Eğitimde başarının birçok etkene bağlı olduğu bilinen hususlardandır. İlgi, bilgi, sevgi, bireysel farklılıklar, bütünlük gibi hususlar bu etkenlerden birkaçıdır. Bunların yanında genellikle gözden kaçan, ama eğitim sürecinde son derece önemli olan bir husus da zamanlamadır. İhmal edilerek zamanında verilmeyen eğitimin ilerleyen yaşlarda verilmek istenmesi birtakım sorunlara neden olur.

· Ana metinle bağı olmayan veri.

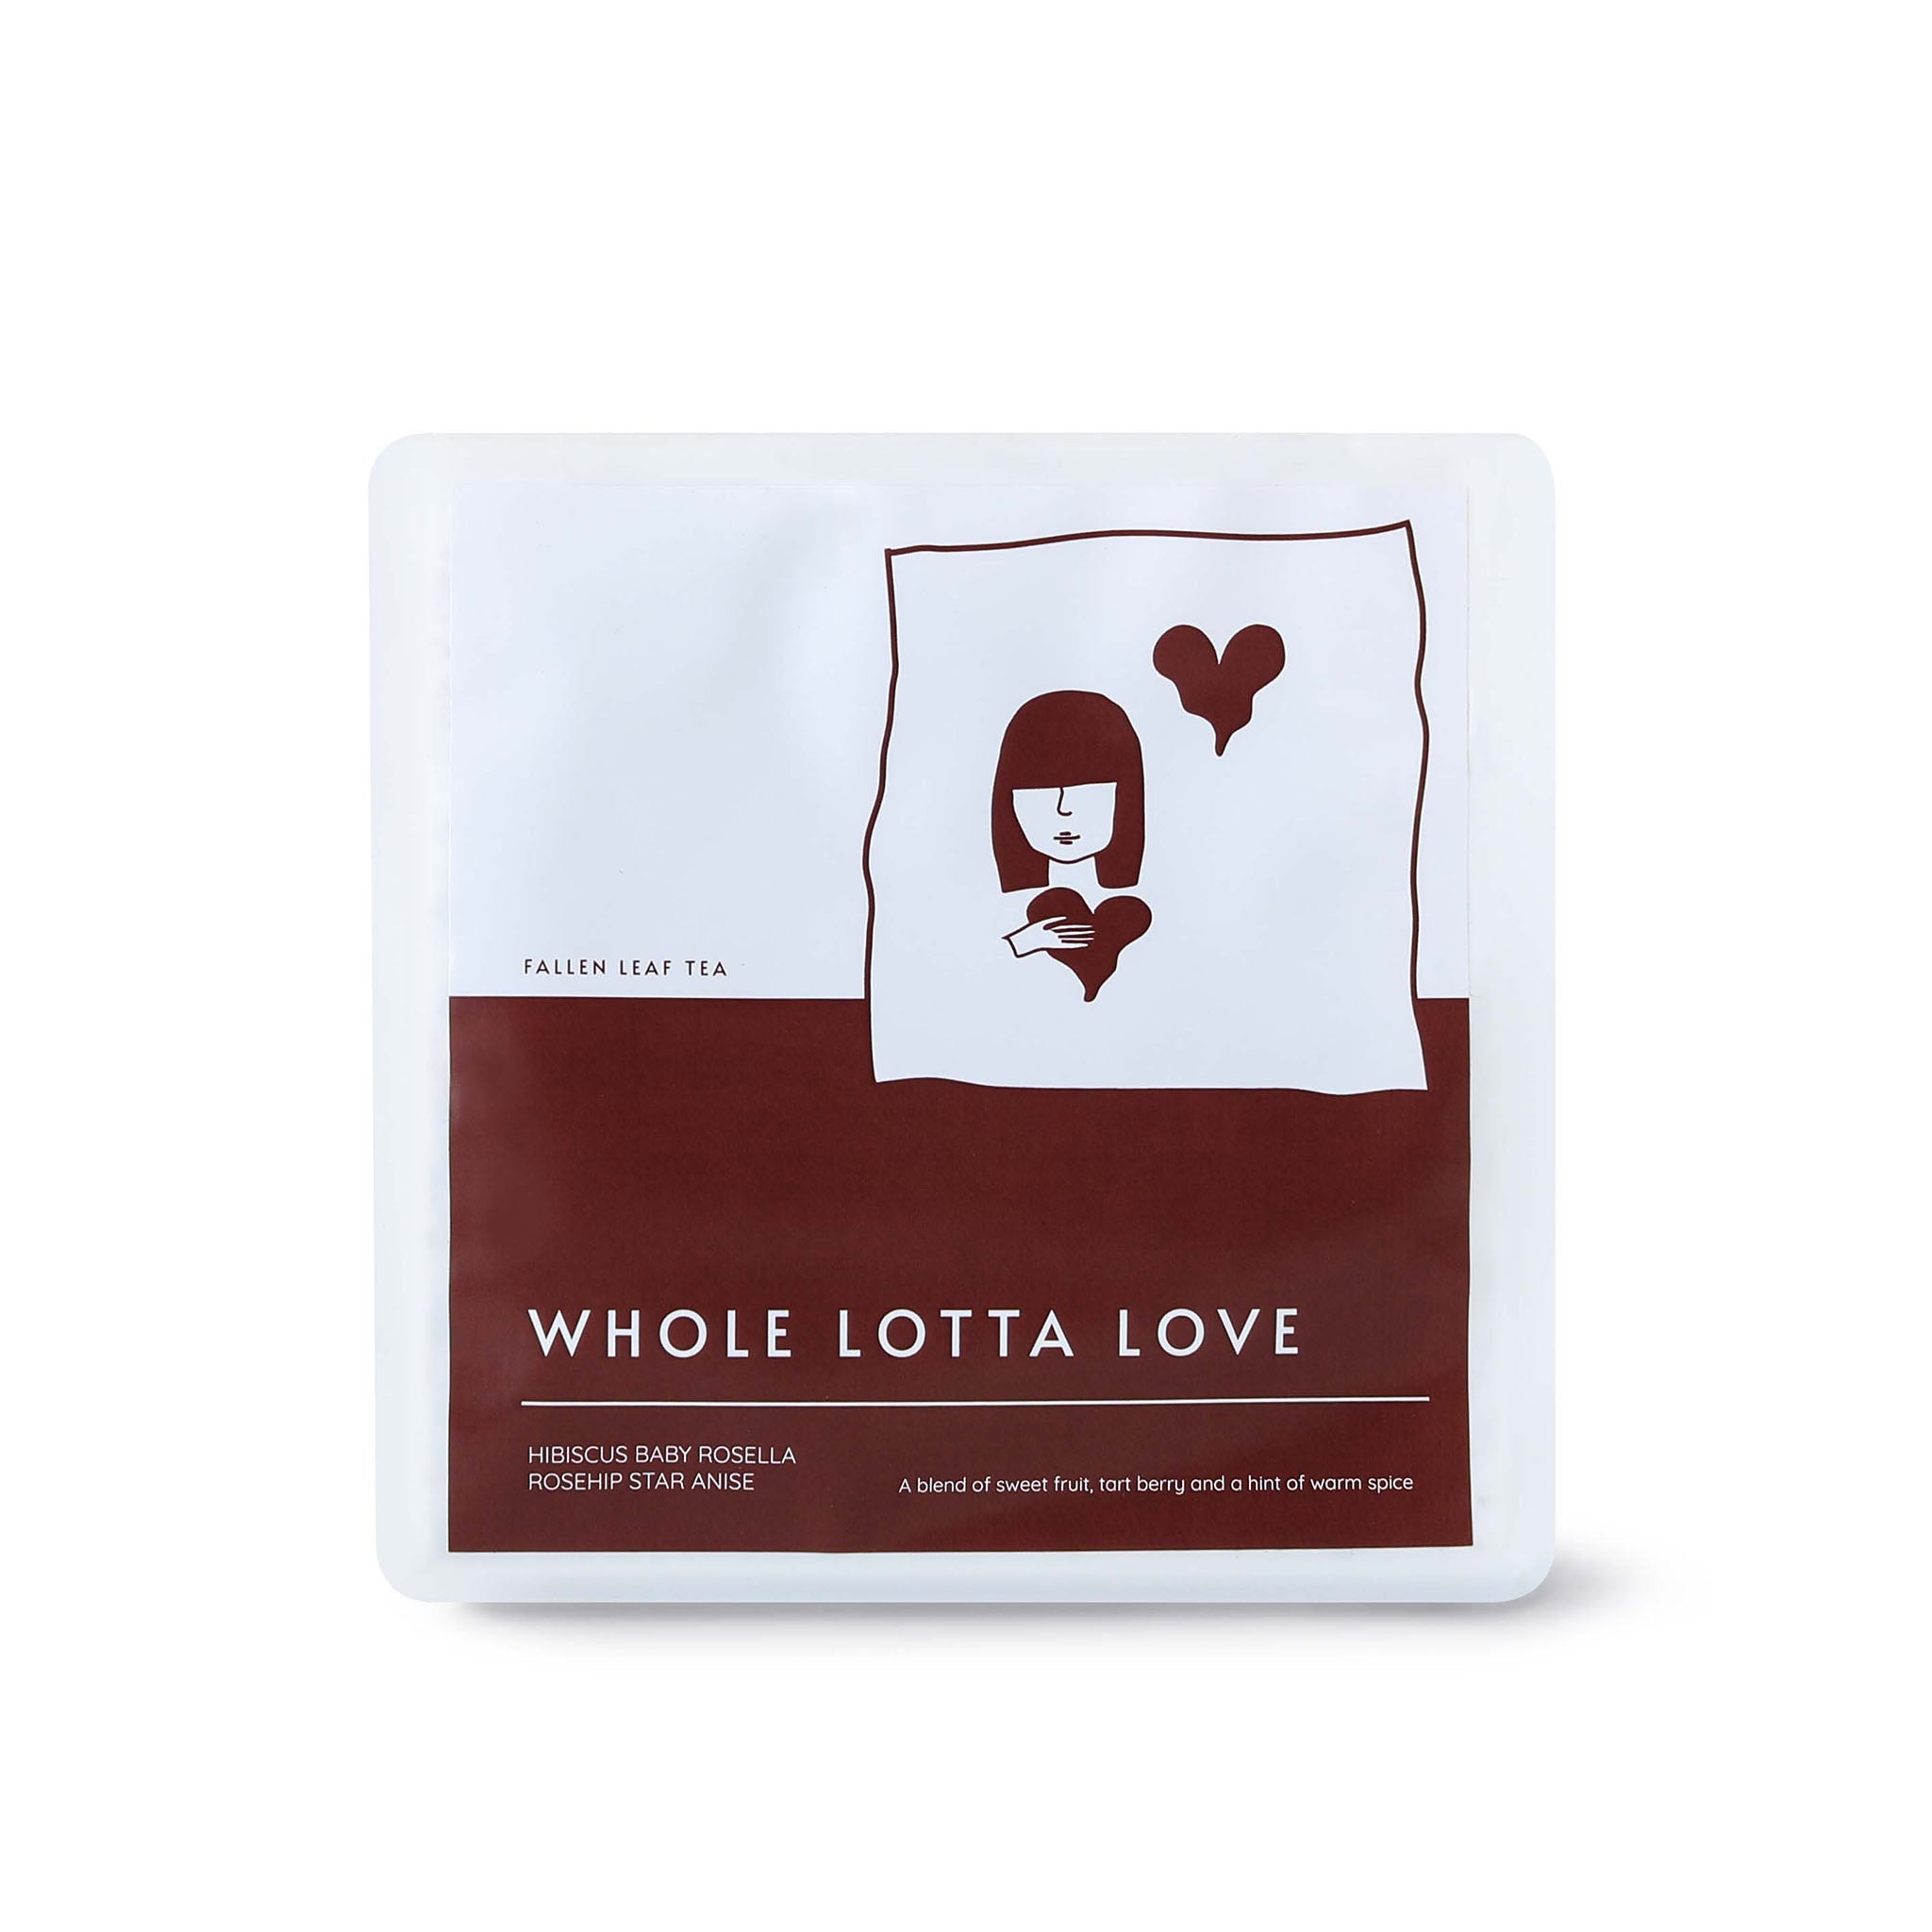 WHOLE LOTTA LOVE – Fallen Leaf Teas

“Kişiye gerekli olan din eğitimi de zamanında verilmemişse mutlaka o kimsenin dini davranışlarında birtakım bozukluklar ortaya çıkacaktır.” diyen Marmara Üniversitesi İlahiyat Fakültesi Din Eğitimi Anabilim Dalı Öğretim Üyesi Prof. Dr. Abdurrahman Dodurgalı, din eğitiminin hassas bir konu olduğuna dolayısıyla da din eğitimi verilmesinde zamanlamaya özen gösterilmesine dikkat çekiyor.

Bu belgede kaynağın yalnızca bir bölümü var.